Fermilab physicist explains particle physics concepts using water as an example. Credit: YouTube.

“That sounds like a job for a refractory,” I thought to myself when I came across the phys.org headline, “CERN physicists break record for hottest manmade material.”

Not really, it turns out. The temperatures are too high—about 10 trillion °F (5.5 trillion °C)—and I’m guessing timeframes are so short—that it doesn’t matter.

The temperatures were generated by physicists at CERN in Switzerland who were slamming lead particles together in the Large Hadron Collider to, according to a CERN press release, “recreate for a fleeting moment conditions similar to those of the early universe.”

There is an alphabet soup of teams of physicists at CERN—ALICE, ATLAS and CMS—who are, one way or another, interested in the “primordial soup” of our universe’s earliest moments after the Big Bang, which comes down to heavy ion particle physics (if I’m patching this together correctly).

In our materials science world, we often talk about “first principles” and things like electronic band structure, which are pretty crude concepts compared to the world these physicists dwell within.

For example, did you know that protons and neutrons are composites? They are bound up blobs of quarks and gluons, which are considered to be the basic building blocks of matter.

But even then, there are layers of complexity. For example, there are types of quarks with intriguing names like charm, beauty, up or down. At least some of these have a complement, such as the anti-charm quark.

All these quarks and gluons interact with one another, and understanding this interaction has consumed many physicist-hours. A really good, accessible explanation of the fundamental forces at play in our universe is in this CERN online article, “About the Higgs Boson.” In the video (see above), Fermilab physicist, Don Lincoln, explains the unified theory called the “Standard Model” by comparing the Higgs field to water and the Higgs boson to water molecules. (A Higgs-like boson was observed at CERN just a few weeks ago.)

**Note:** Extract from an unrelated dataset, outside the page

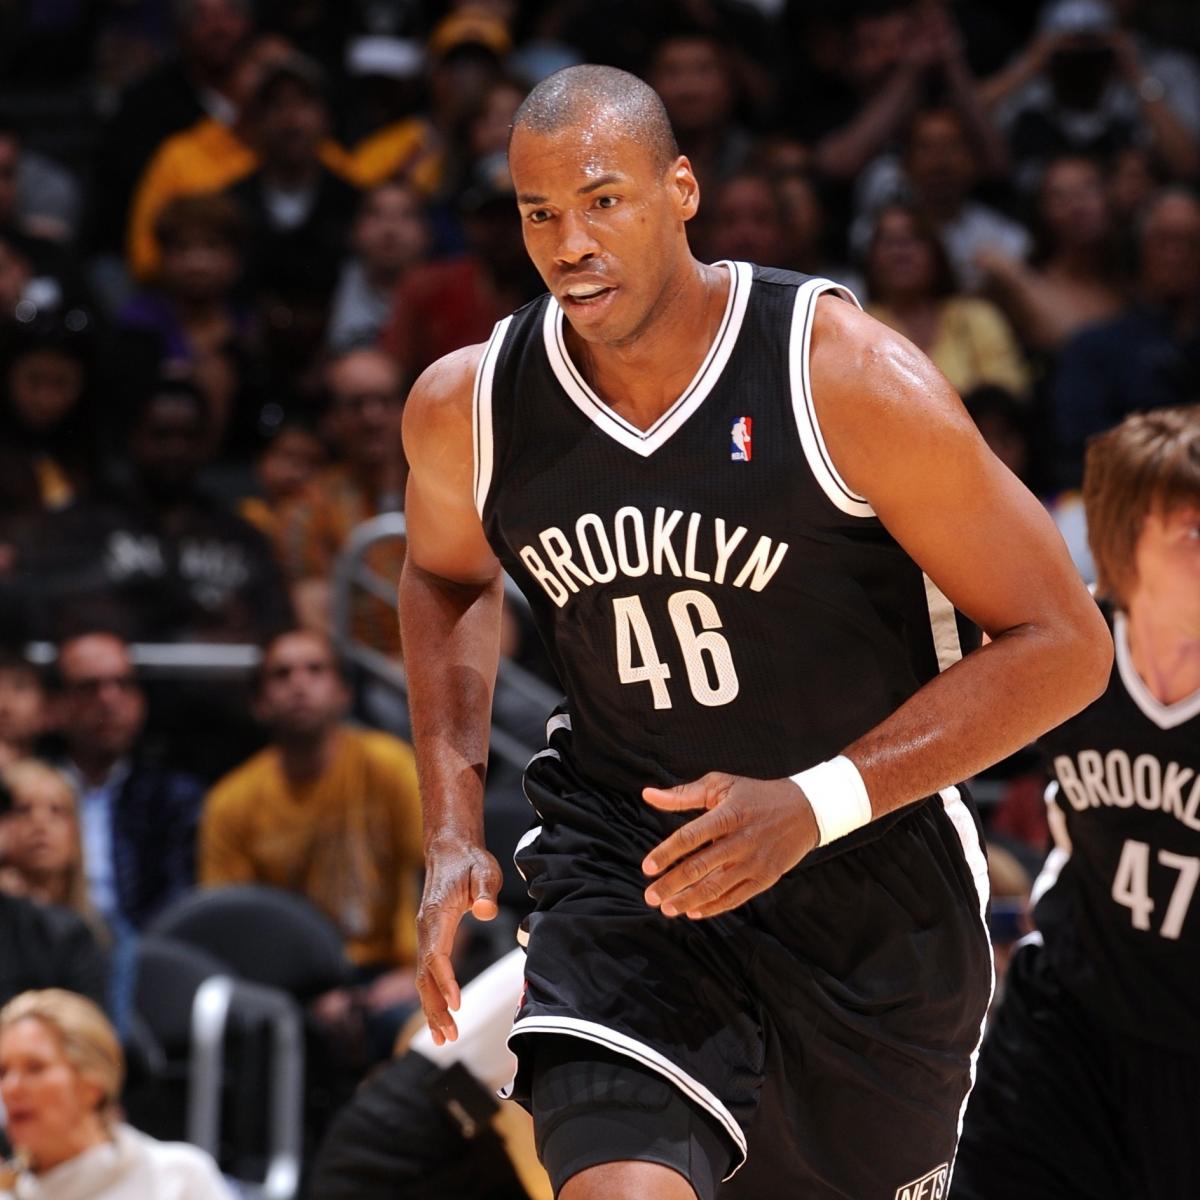 Jason Collins jersey sales spike for Washington Wizards - Outsports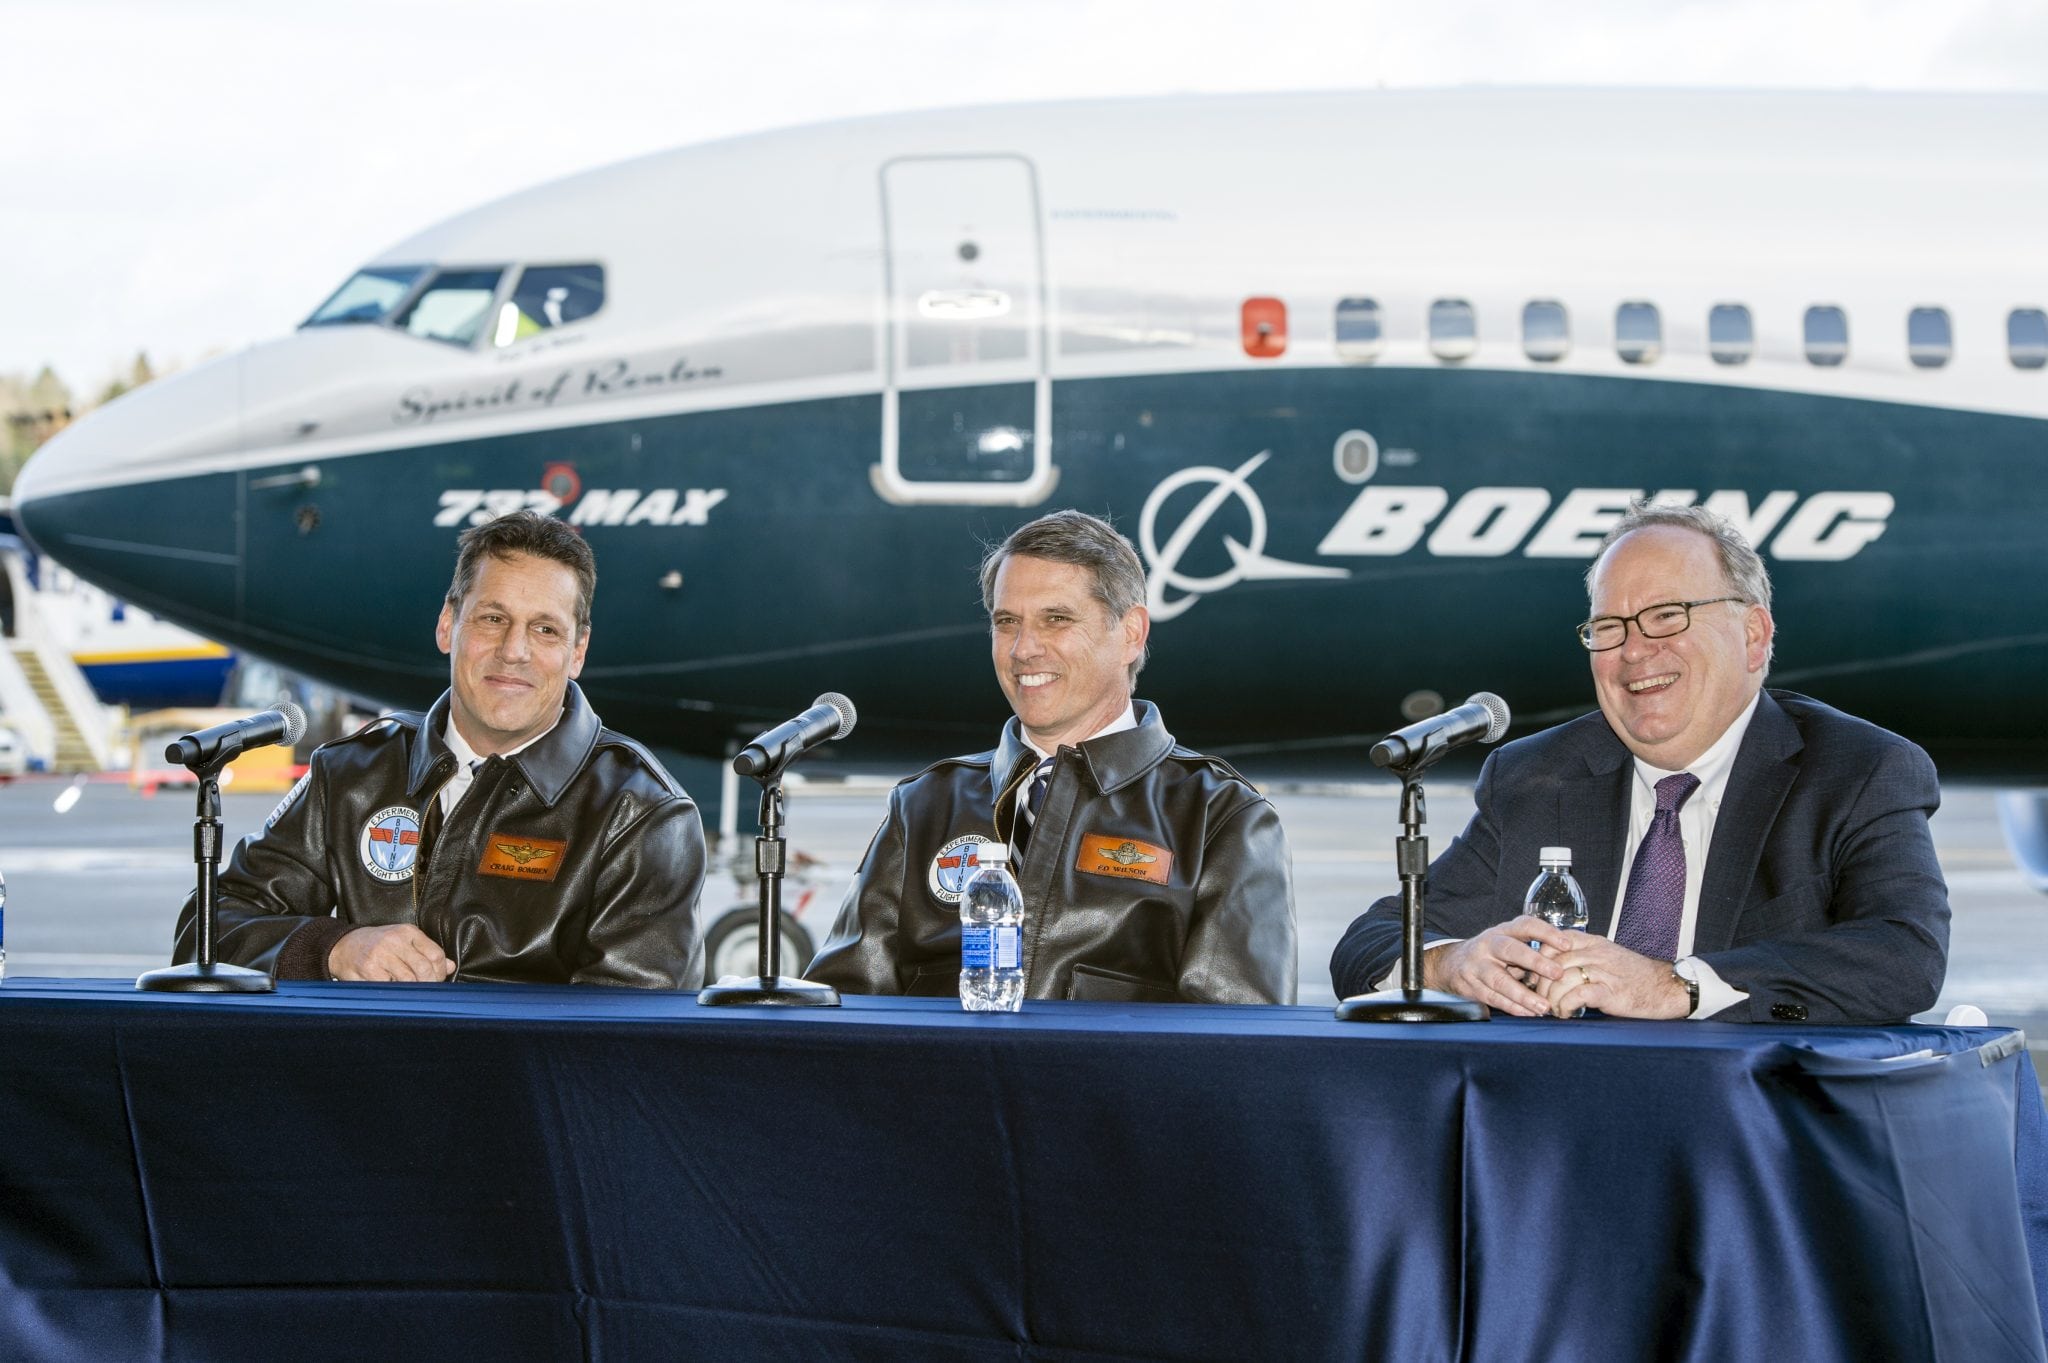 Following the successful first flight of the 737 MAX, (L-R) Boeing Chief Test Pilot and Vice President of Flight Operations Craig Bomben, 737 MAX Chief Pilot Ed Wilson and Keith Leverkuhn, vice president and general manager, 737 MAX program briefed news media

The world’s leading heavy ion physicists just wrapped up their latest conference, Quark Matter 2012, which takes place about every 18 months. According to the conference website, the purpose of the conference revolves around “studying excited matter at the subatomic level to understand how the constituents dynamically arrange themselves to form ordinary matter, and to understand how this organization emerged from the primordial matter created by the Big Bang at the beginning of the universe.”

The physics of quarks, gluons and their various flavors quickly gets complicated, but somehow it continues to be compelling in the geeky slipstream of the mainstream press. It is human nature to be curious about the origins of ourselves and our world. (Perhaps as part of a supernatural urge to know our time here matters and future generations will be curious about us, in turn?) But part of me wonders, beyond scratching an intellectual itch, what is the point? That is, I hope nobody is thinking about replicating the Big Bang!